I have a large set of csv files (file_1.csv, file_2.csv), separated by time period, that cant be fit into memory. Each file will be in the format mentioned below.


| instrument | time | code     | val           |
|------------|------|----------|---------------|
| 10         | t1   | c1_at_t1 | v_of_c1_at_t1 |
| 10         | t1   | c2_at_t1 | v_of_c2_at_t1 |
| 10         | t2   | c1_at_t2 | v_of_c1_at_t2 |
| 10         | t2   | c3_at_t2 | v_of_c3_at_t2 |
| 11         | t1   | c4_at_t1 | v_of_c4_at_t1 |
| 11         | t1   | c5_at_t1 | v_of_c5_at_t1 |
| 12         | t2   | c6_at_t2 | v_of_c6_at_t2 |
| 13         | t3   | c9_at_t3 | v_of_c9_at_t3 |

Each file is about instrument logs that are consistent in their format.
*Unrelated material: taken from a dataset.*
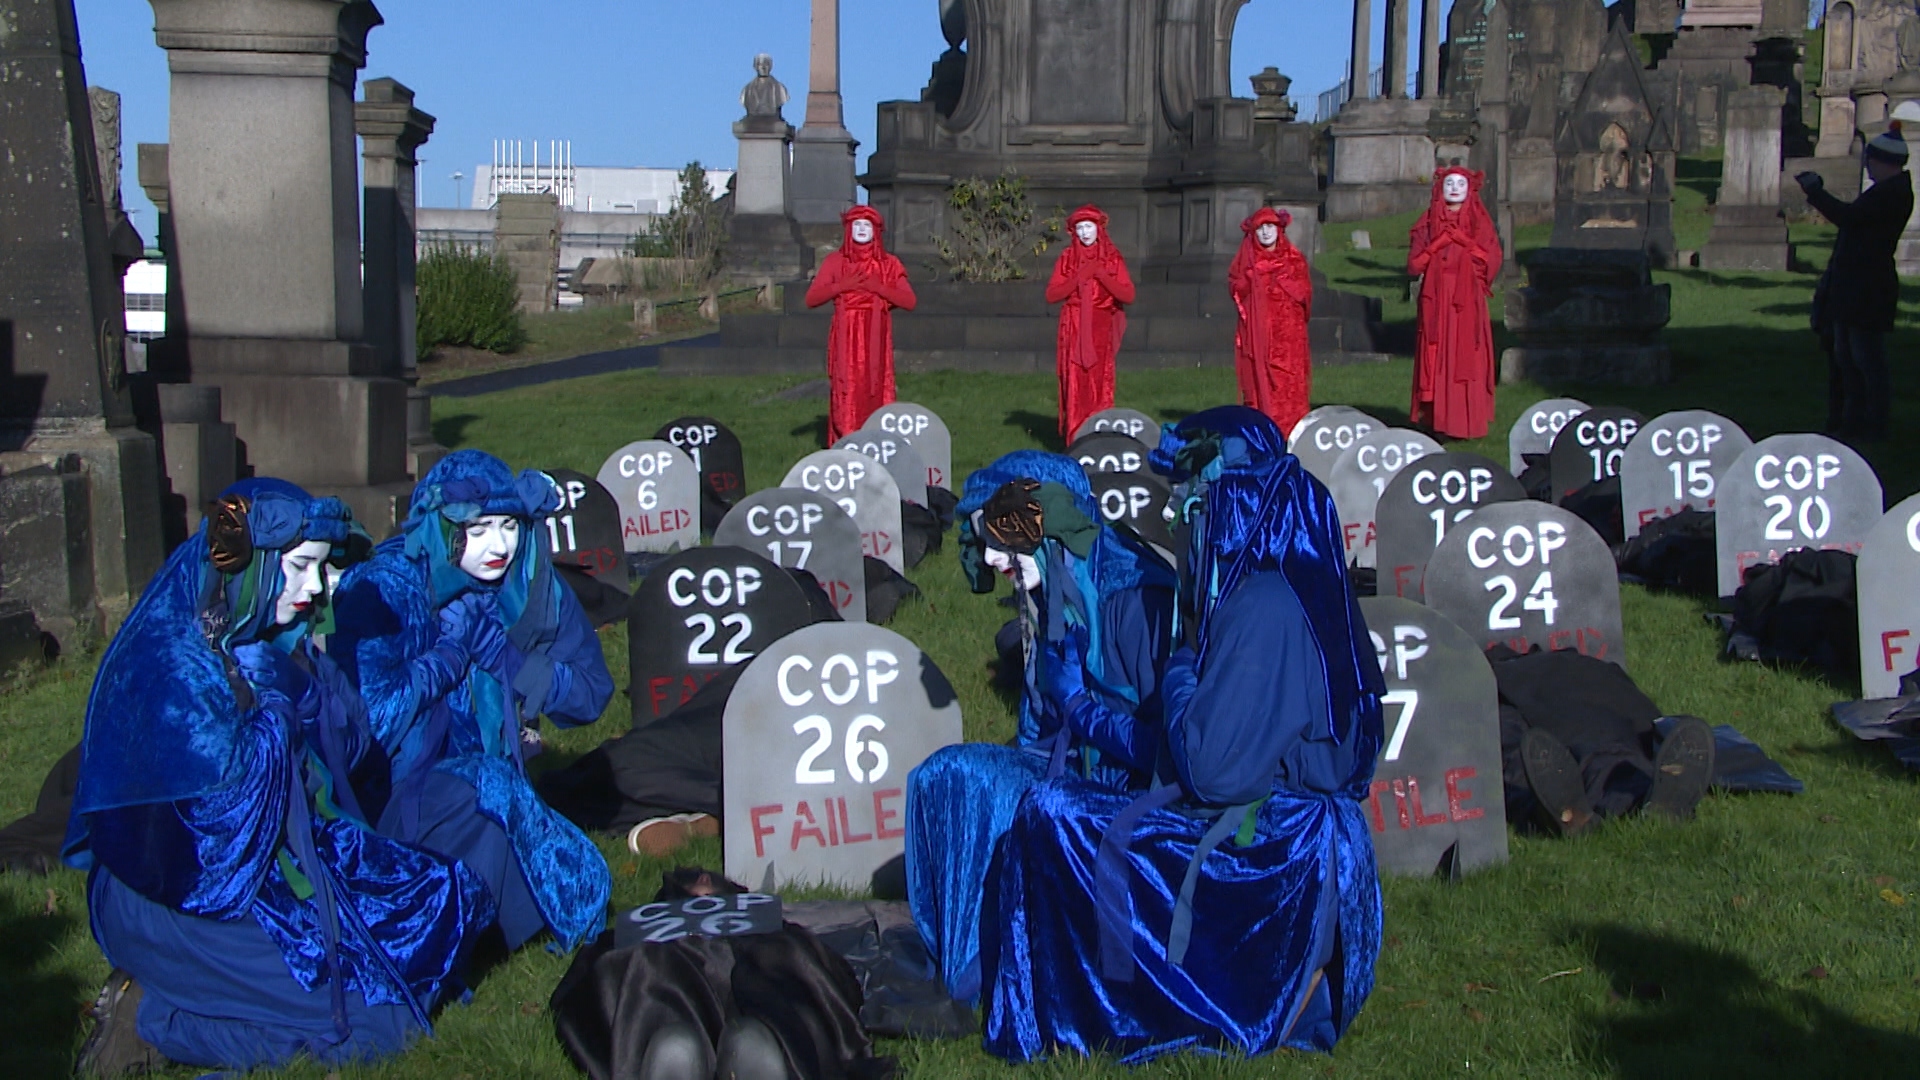 Glasgow: Extinction Rebellion activists held a protest at the city's Necropolis on Saturday.
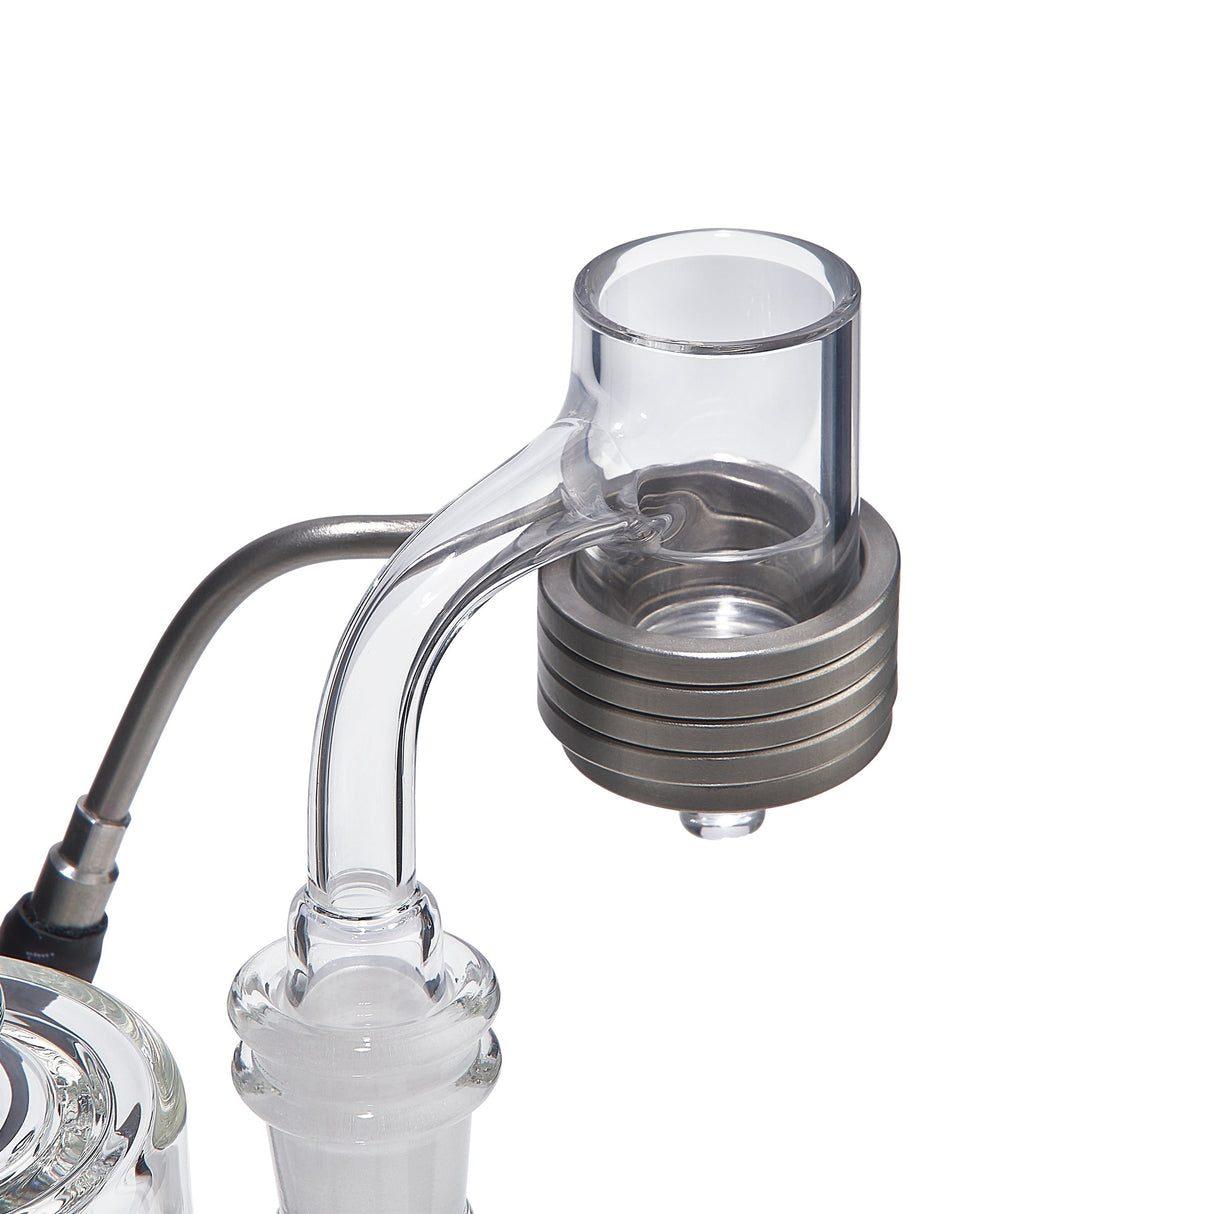 High Five Quartz E-Banger Insert for Dab Rigs, 2 Pack, clear view on glass joint

There are set of instruments which can emit different codes(code) at a given timestamp(time). The value of that code at a given time for a given instrument is saved in val column

I would like to split each file (ex: file_1.csv) using the instrument column(ex: 10) and then join the files extracted for the instrument (ex: 10) across all files (file_1.csv, file_2.csv)

I am thinking about using dask groupby operation on the instrument column. Is there any alternative or better approach to do it instead of using groupby or better way to extract the files by instrument?

Code that I have written to do the above operation is

import glob
import dask.dataframe as dd
from dask.distributed import Client

client = Client()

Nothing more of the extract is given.